Dr. Amit Kulkarni, who is a Senior Consultant & Lead – Neurology & Stroke, at SS SPARSH Hospital, Mysore Road, Bengaluru said, “Stroke is the second most important cause of mortality worldwide and the third most common cause of disability. In India the prevalence of hypertension in urban areas is 33.8% and the rural 27.6% with an overall prevalence of 29.8%. Proper control of BP is only 11% in the rural population and 20% in the urban population. Hence regular screening for BP and early treatment significantly reduces the incidence of stroke.”
“Up to 90% of all 1st strokes can be prevented with a risk factor modification. The other risk factors include diabetes mellitus, dyslipidemia, and obstructive sleep apnea.
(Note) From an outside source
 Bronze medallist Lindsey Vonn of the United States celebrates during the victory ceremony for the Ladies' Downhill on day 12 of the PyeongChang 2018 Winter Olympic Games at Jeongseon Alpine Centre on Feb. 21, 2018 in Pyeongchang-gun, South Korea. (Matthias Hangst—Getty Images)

Hypertension can cause both ischemic strokes (due to damage to the vessel wall making it weaker) leading to an increased tendency for clot formation and hence blockage of blood vessels. It can also lead to rupture of blood vessels and leakage of blood in the brain,” he added.
Additionally, he said, “As hypertension is largely asymptomatic, routine screening is necessary to identify patients with elevated BP. Prompt initiation of treatment cannot only effectively prevent both types of stroke, but it can also prevent many kidney, cardiovascular, and other end-organ complications. Control of blood sugar and cholesterol levels is equally important.”
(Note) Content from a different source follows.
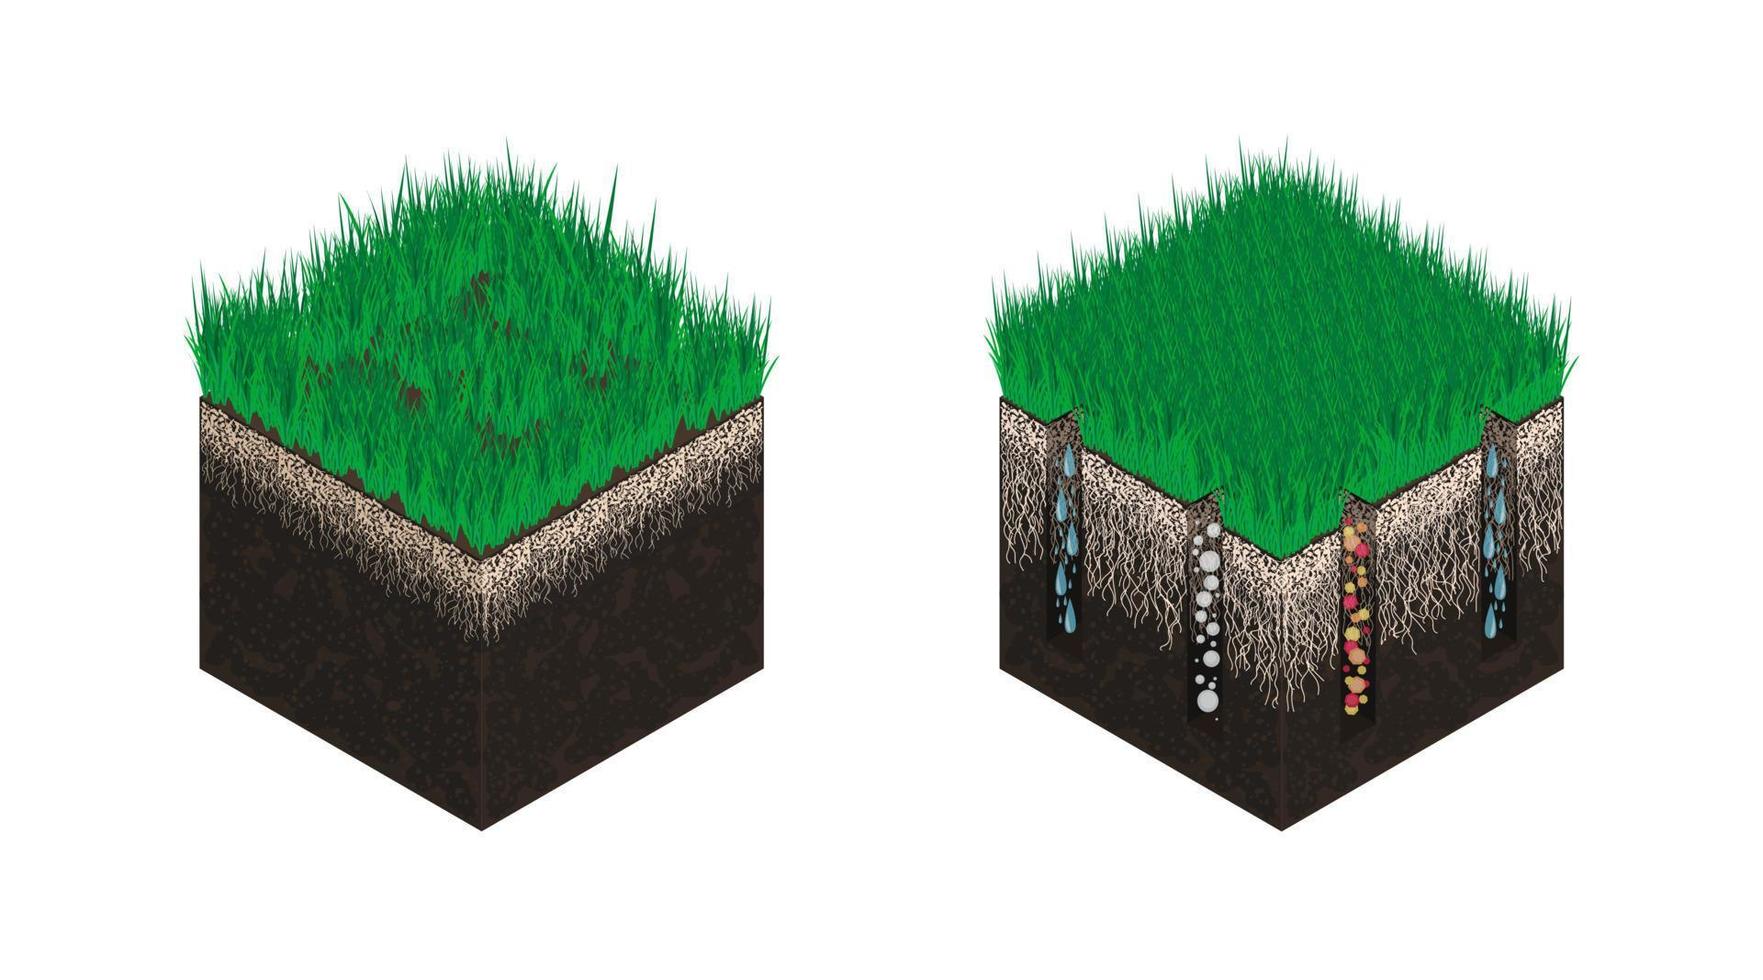 Lawn care, soil isometry, stages before and after aeration. Effect on the intake of substances - water, oxygen and nutrients for grass nutrition. Vector illustration isolated on a white background.

Impact of Health Behaviours On Blood Pressure
Dr Arun B. Shah said the following:
- Diet and weight control: 6 mm systolic BP
- Reduce salt intake: 5 mm
- Reduce alcohol intake: 3 mm
- DASH Diet: 11 mm
- Physical activity: 3 mm
- Relaxation therapies: 3
- Multiple interventions: 5
- Hypertension, defined as >130/80 mm/Hg is the most important modifiable risk factor to reduce the risk of stroke
- 30%-40% reduction of stroke with blood pressure management.
- Risk reduction is greater with larger reductions in BP.
- From available data, the use of diuretics and ACEI are an important treatment option.
- Individualization of treatment is important depending on the overall clinical picture.
- Control of HTN the most modifiable risk factor to prevent stroke.
How To Control Elevated Blood Pressure:
Proper blood pressure (BP) management is a cornerstone of stroke prevention and acute treatment. BP lowering also helps prevent cognitive decline and dementia. These pointers suggested by Dr. Santhosh N S will help you control elevated blood pressure:
- Follow dietary approaches to stop hypertension (DASH). A typical DASH diet recommends:
- Reduced salt intake
- Eating a healthy diet that is high in fruits, vegetables, and whole grains, low-fat dairy products
- Avoiding or limiting foods rich in saturated fats and trans-fats that cause cholesterol
- Including foods rich in potassium
- Avoiding processed food rich in salt
- Exercise – Be physically active. Try to get in at least 150 minutes a week of moderate-to-intense exercise. Moderate exercise such as brisk walking for 30 minutes most days of the week can lower blood pressure
- If you are overweight, try to lose weight and maintain a healthy BMI
- Limit alcohol intake
- Quit smoking. Avoid second-hand smoke
- Monitoring your blood pressure at home
- Regular medicines as prescribed to control your blood pressure
- Frequent blood pressure monitoring and management of high blood pressure with pharmaceutical and lifestyle changes
[Disclaimer: The information provided in the article, including treatment suggestions shared by doctors, is intended for general informational purposes only. It is not a substitute for professional medical advice, diagnosis, or treatment. Always seek the advice of your physician or other qualified healthcare provider with any questions you may have regarding a medical condition.]